Sorting of hMSCs from a Single Source

  1. 1.

    hMSCs obtained from adipose tissue were fractionated by the fractionation protocol giving a well-defined fractographic profile, as shown in Fig. 5.

  2. 2.

    Four fractions (F1, F2, F3, F4) were collected:

    • F1, from 3 min to 5 min;

    • F2, from 6 min to 10 min;

    • F3, from 11 min to 15 min;

    • F4, from 16 min to 18 min.

  3. 3.

    Cells from each fraction and from an unfractionated control (UC) were subjected to adipogenic differentiation: cells were seeded in 6-well plates at a density of 17 × 103 cells/cm2.

  4. 4.

    Cell induction proceeded for 3 weeks with induction medium changes every 3 days.

  5. 5.

    The differentiation yield of the subpopulations was investigated by microscope after Red Oil staining. Results are reported in Fig. 5.

Fig. 5
figure 5

Fractogram obtained for hMSCs isolated from human adipose tissue with F1, F2, F3, F4 as collected fractions. Microscope observation after Red Oil staining of F1-F4 after induction toward adipogenic differentiation. Sorted subpopulations displayed major differences in their adipogenic differentiation yield (%).Reprinted with permission from [20]. © J. Wiley & Sons

Significant differences in differentiation yield were evaluated: F1 = 10%, F2 = 95%, — F3 = 30% F4 = 10%; and UC = 40%. Cells in F2 (the fraction collected at the band maximum) showed the highest commitment yield even compared to non fractionated cells, with differentiation efficiency close to 100%. This means that F2 was about 60% richer in differentiating progenitors than UC.

Notes

Concerning the sample preparation, some cautions should be considered to optimize the fractionation protocol:

  1. 1.

    MSCs retain multidifferentiation potential up to the 5th culture passage.

  2. 2.

    Cell aggregation must be avoided by preparing a single cell suspension in polipropylene tubes and by continuously resuspending cells, at room temperature. These conditions guarantee high cell recovery and maintenance of their viability.

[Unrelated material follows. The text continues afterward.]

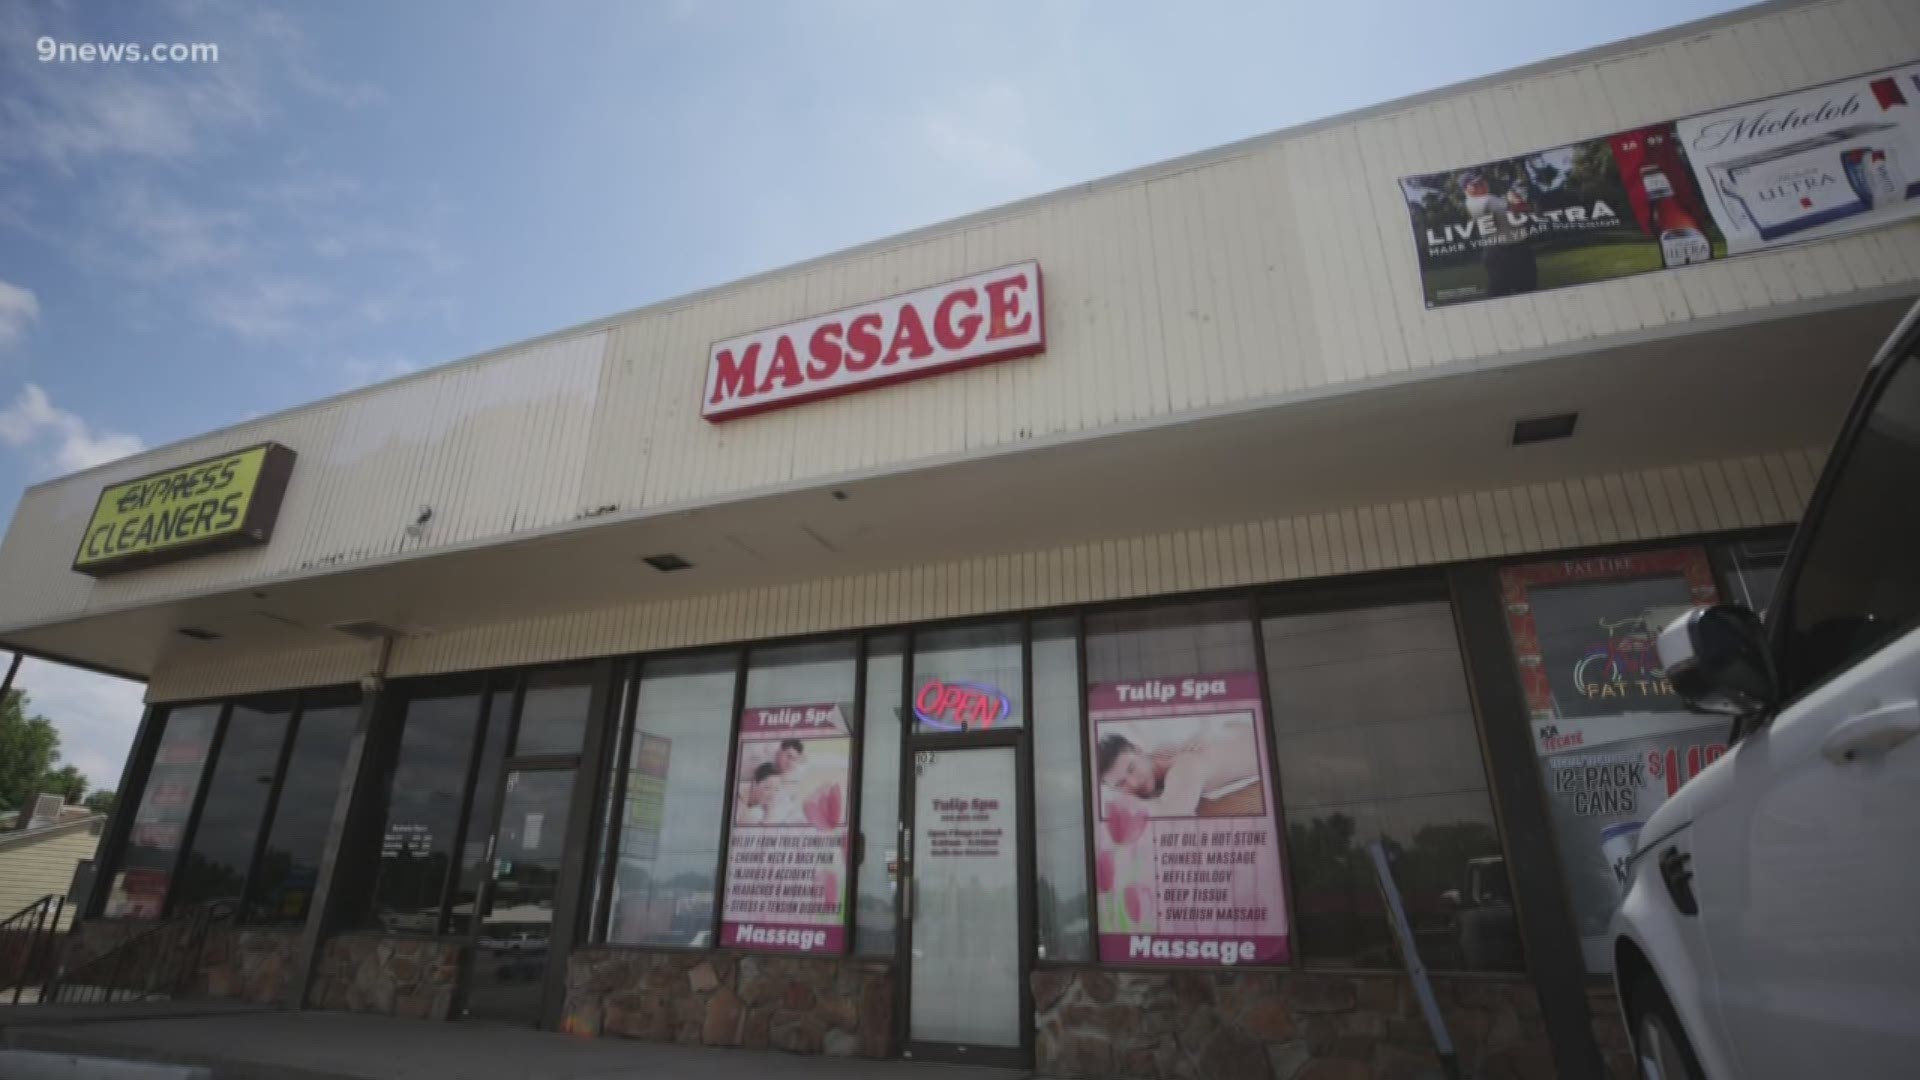 After an ordinance intended to wipe out illicit massage parlors in Aurora was passed, 9Wants to Know found they were able to easily reopen across city lines. This is part 1 of that investigation.

Concerning the fractionation protocol, the following critical points should be considered:

  1. 3.

    the fractionation system has to be placed in a horizontal position to make the gravitational field act perpendicularly homogeneously to the carrier liquid flow.

  2. 4.

    To set up the fractionation system properly, the conditioning procedure must be performed at the established time and flow rate. These procedures allow one to block any adhesion sites on the plastic channel walls and to eliminate any contamination traces on channels which could lead to contamination, recovery and decreased viability.

  3. 5.

    Sterile mobile phase has to be used at room temperature and air bubbles inside the separation device have to be eliminated before fractionation of cell samples.

  4. 6.

    Fractionation must be performed at room temperature; cells must not be kept on ice and incubated at 37°C 5% CO2 as soon as possible or appropriately prepared for characterization (e.g. fixation for flow cytometry).